Aerating w/ a 2-3 inch (best case) machine? I'd put money /time elsewhere


----------



## Greendoc (Mar 24, 2018)

Plain old blue Dawn. 4 oz per 1000 sq ft. Not a bad substitute for the commercial golf wetting agents.


----------



## Buffalolawny (Nov 24, 2018)

10ml to 5ltr


----------



## Theycallmemrr (May 16, 2019)

Greendoc said:


> Plain old blue Dawn. 4 oz per 1000 sq ft. Not a bad substitute for the commercial golf wetting agents.


@Greendoc 
Good to know. How long does it last? 
Have you witnessed any long-term detrimental effects?
I have also seen yuca extract and sodium laurel sulfate/sodium laureth sulfate used. What is your opinion on those alternatives?


----------



## 12620 (Oct 2, 2020)

Thanks! From what I've read its best to apply during a good rain and though its effect doesn't have any lasting impact like other higher end products would, it is a good short term poor-man's solution.

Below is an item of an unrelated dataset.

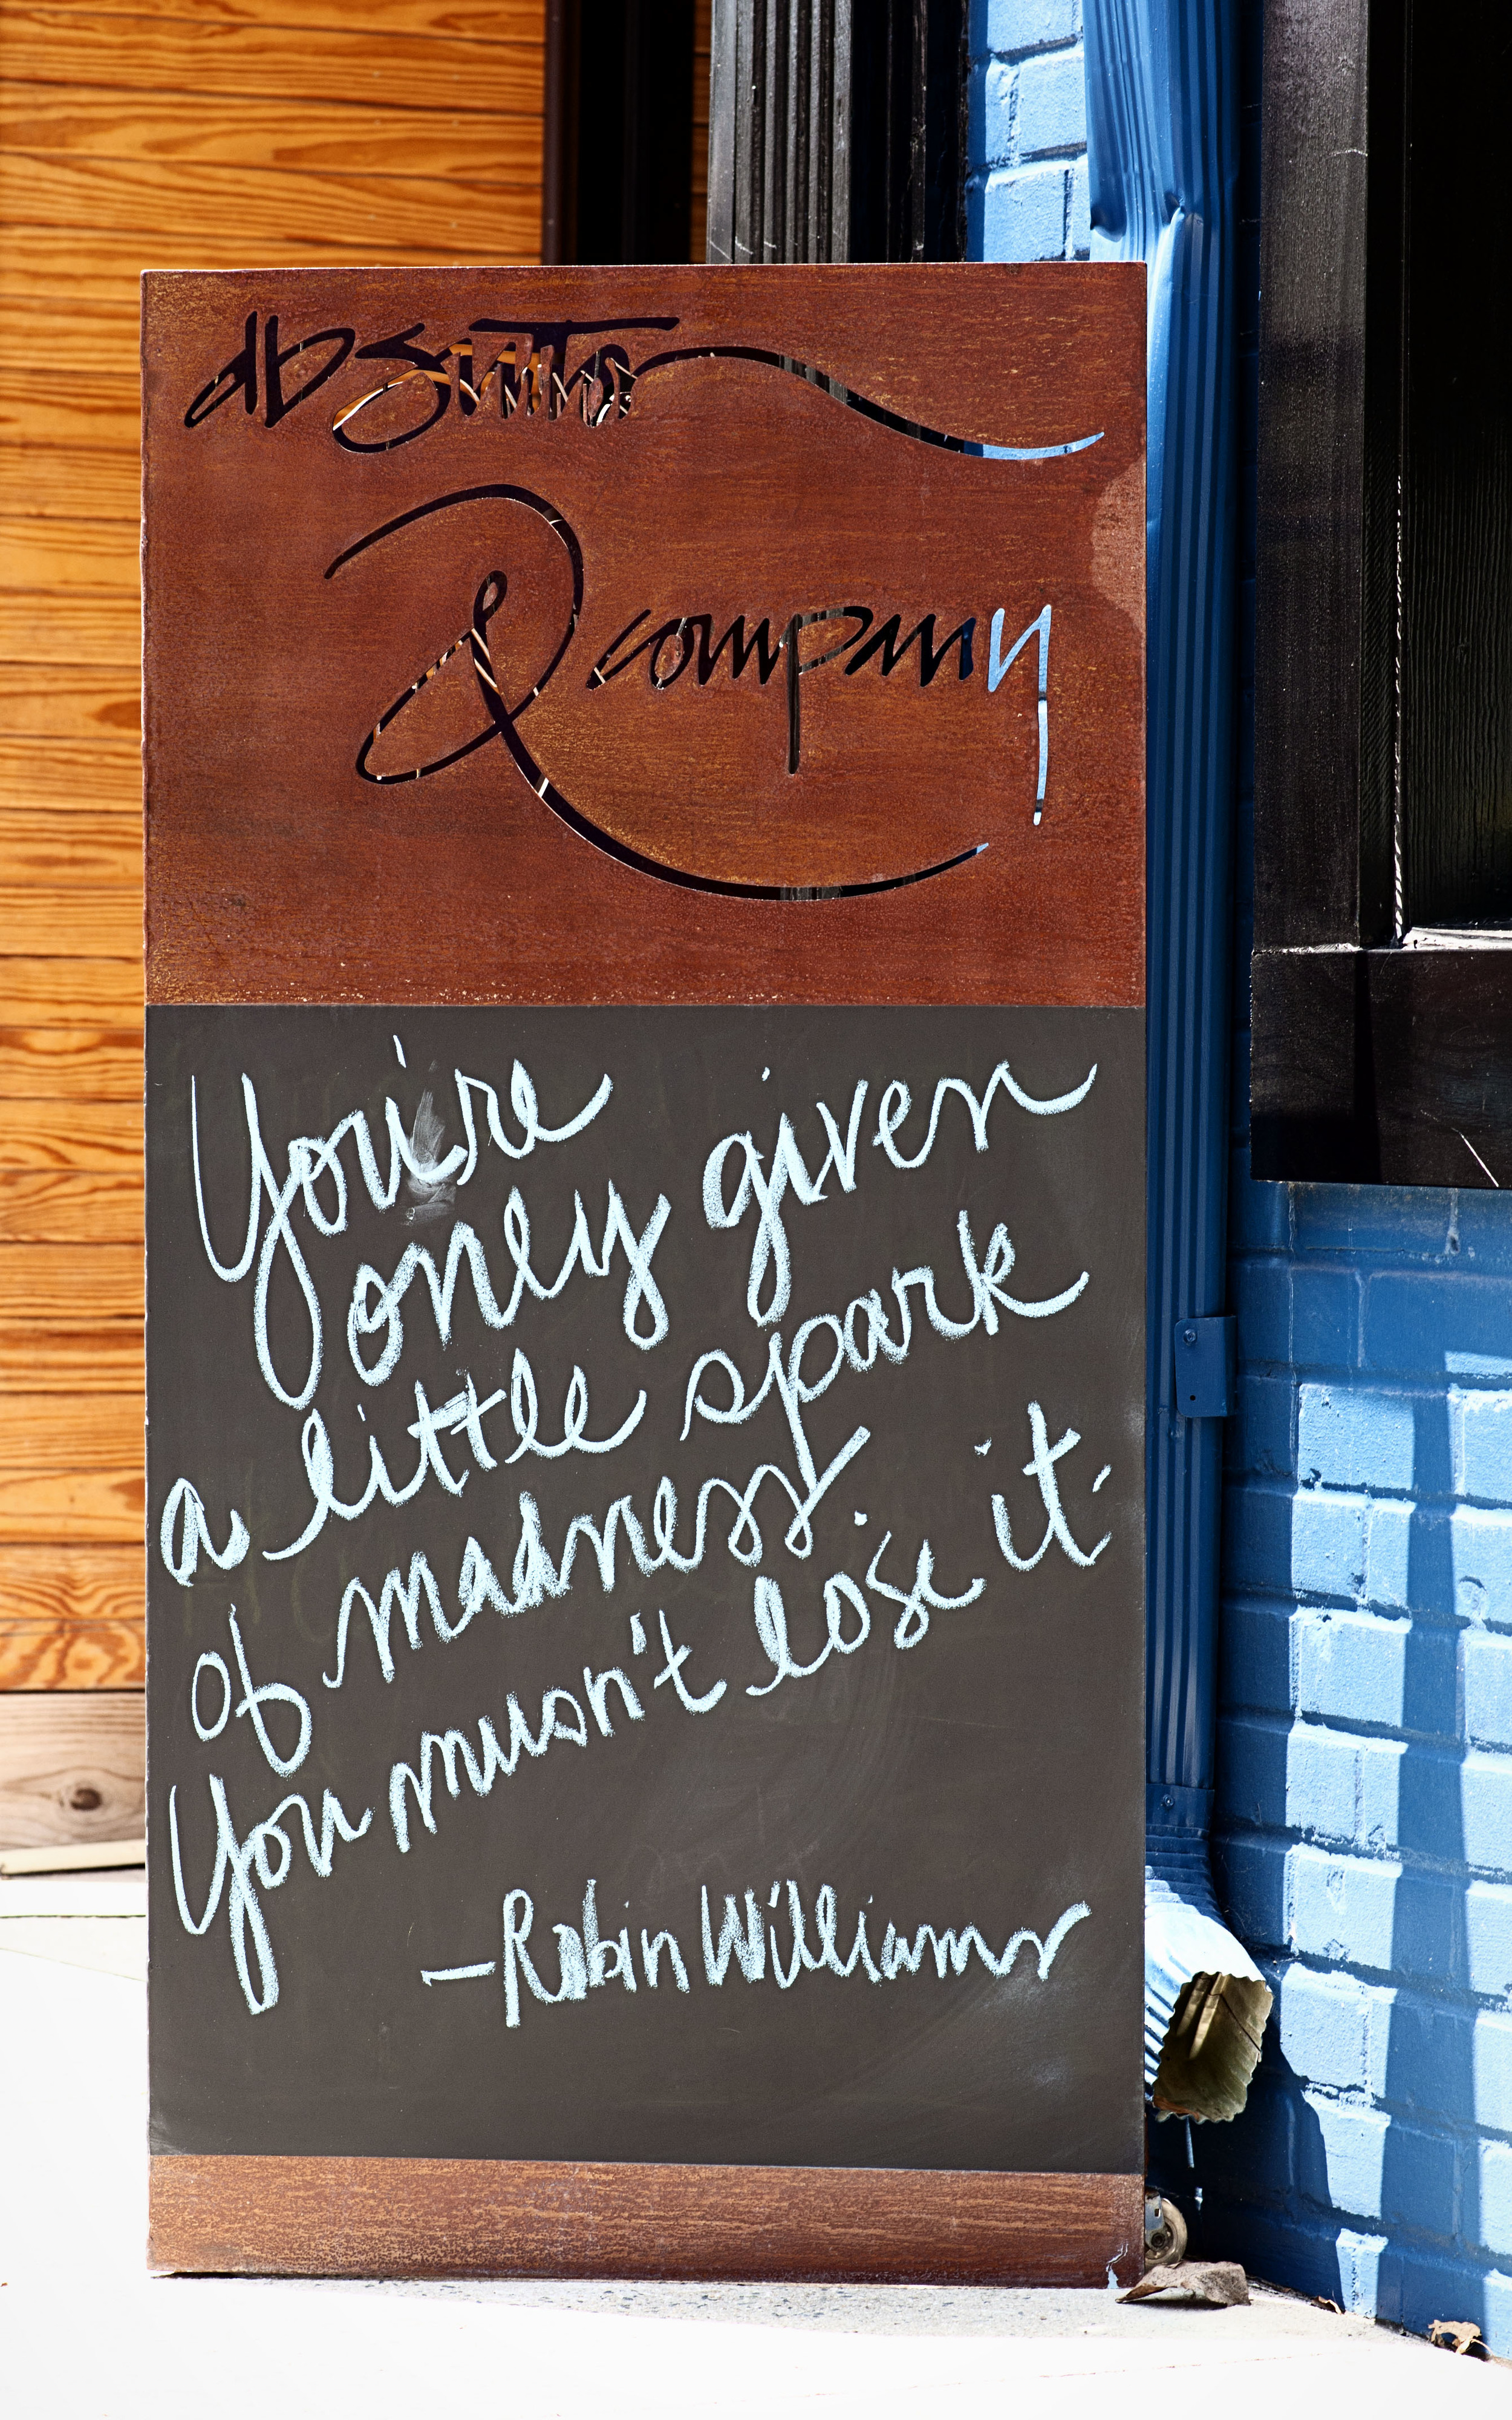 RobinWilliams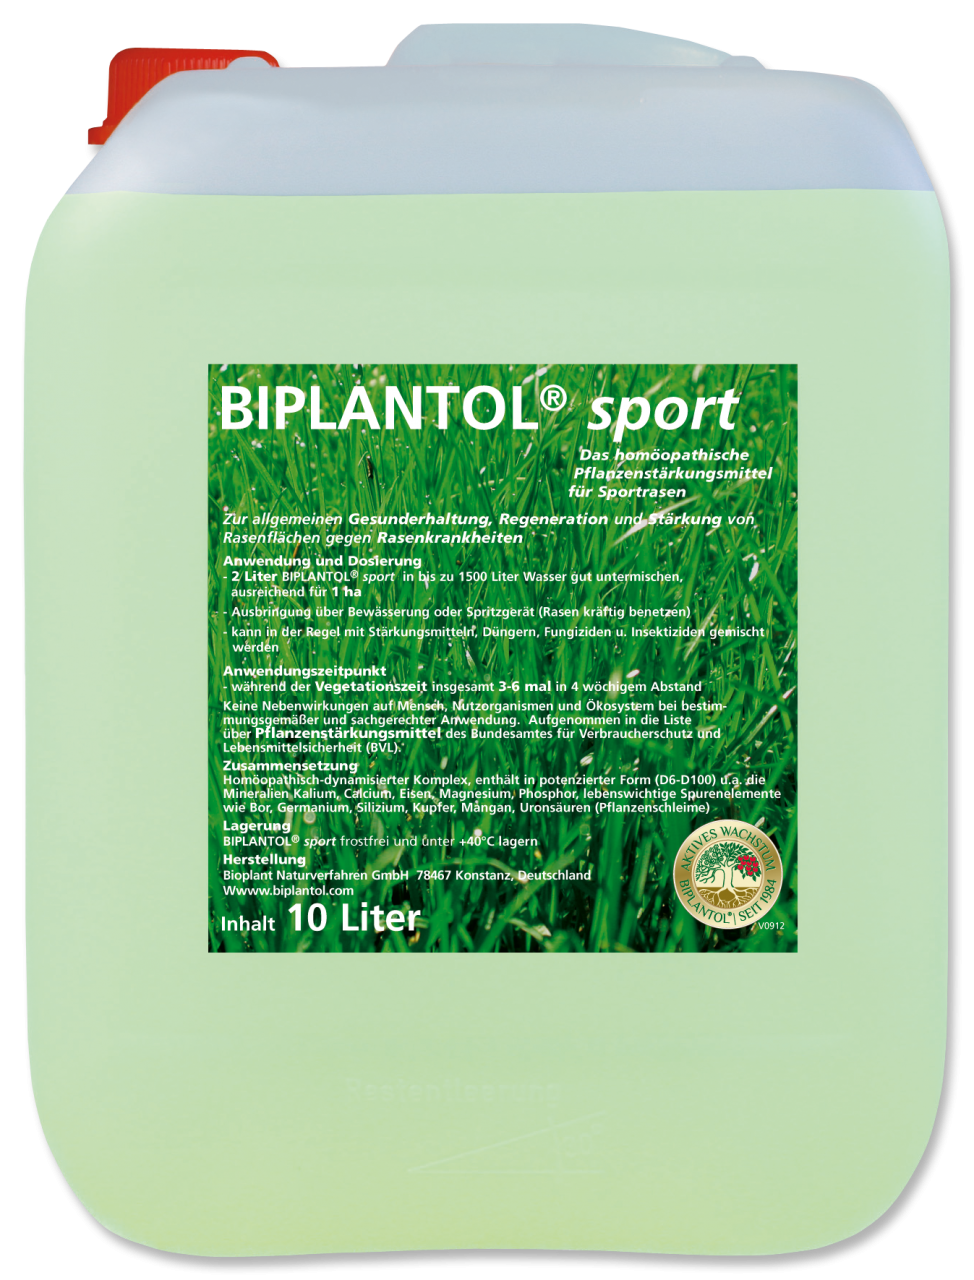 BIPLANTOL® sport

I was checking for possible mole crickets yesterday and slowly dumped 2 gallons of water over 2 sq ft and the water just rolled away. Luckily it turned out to be ants.


----------



## Greendoc (Mar 24, 2018)

Theycallmemrr said:


> Greendoc said:
> 
> 
> > Plain old blue Dawn. 4 oz per 1000 sq ft. Not a bad substitute for the commercial golf wetting agents.
> ...


Lasts up to a month. I have never used Yucca or SLS. Dawn is in everyone's kitchen and it works.


----------



## TulsaFan (May 1, 2017)

Greendoc said:


> Plain old blue Dawn. 4 oz per 1000 sq ft. Not a bad substitute for the commercial golf wetting agents.


@Greendoc Do you have a preference for hose end applicators when applying the Dawn?


----------



## ENC_Lawn (Sep 9, 2018)

@TulsaFan What exactly does the Blue Dawn Do?

Would this be used to soften up a clay based or compacted soil?


----------



## TulsaFan (May 1, 2017)

The Dawn acts as a wetting agent or surfactant. It attracts water to the soil surface and root zone. It also penetrates compacted soils with high organic matter and low infiltration rates. It helps to decrease the effects of hydrophobic soils.
It increases the water holding capacity so that soil moisture levels remain consistent no matter the weather conditions.

In the past, I have used Baby Shampoo as it has zero chems and is ph balanced. (3 oz to 1,000 sq ft.)

Regarding clay, I have used sand capping to remove the clay by aeration and then refilling the holes with masonry sand.


----------



## ENC_Lawn (Sep 9, 2018)

TulsaFan said:


> The Dawn acts as a wetting agent or surfactant. It attracts water to the soil surface and root zone. It also penetrates compacted soils with high organic matter and low infiltration rates. It helps to decrease the effects of hydrophobic soils.
> It increases the water holding capacity so that soil moisture levels remain consistent no matter the weather conditions.
> 
> In the past, I have used Baby Shampoo as it has zero chems and is ph balanced. (3 oz to 1,000 sq ft.)
> ...


So if I am understanding this correctly.

For a heavy based compacted clay soil.

Aerate and sand.

Then apply shampoo to help the clay soil even more?

If that is correct...???...how often would you suggest the shampoo?


----------



## TulsaFan (May 1, 2017)

ENC_Lawn said:


> TulsaFan said:
> 
> 
> > The Dawn acts as a wetting agent or surfactant. It attracts water to the soil surface and root zone. It also penetrates compacted soils with high organic matter and low infiltration rates. It helps to decrease the effects of hydrophobic soils.
> ...


I just sent you a PM.


----------



## ENC_Lawn (Sep 9, 2018)

TulsaFan said:


> ENC_Lawn said:
> 
> 
> > TulsaFan said:
> ...


Thank you!!!


----------



## DeepC (Aug 12, 2020)

Does SLS (Sodium lauryl sulfate) do anything for heavy clay soil? I have plenty of that. I have read about it long ago on the other forum. But I dont know what soil type that helps. If it does at all


----------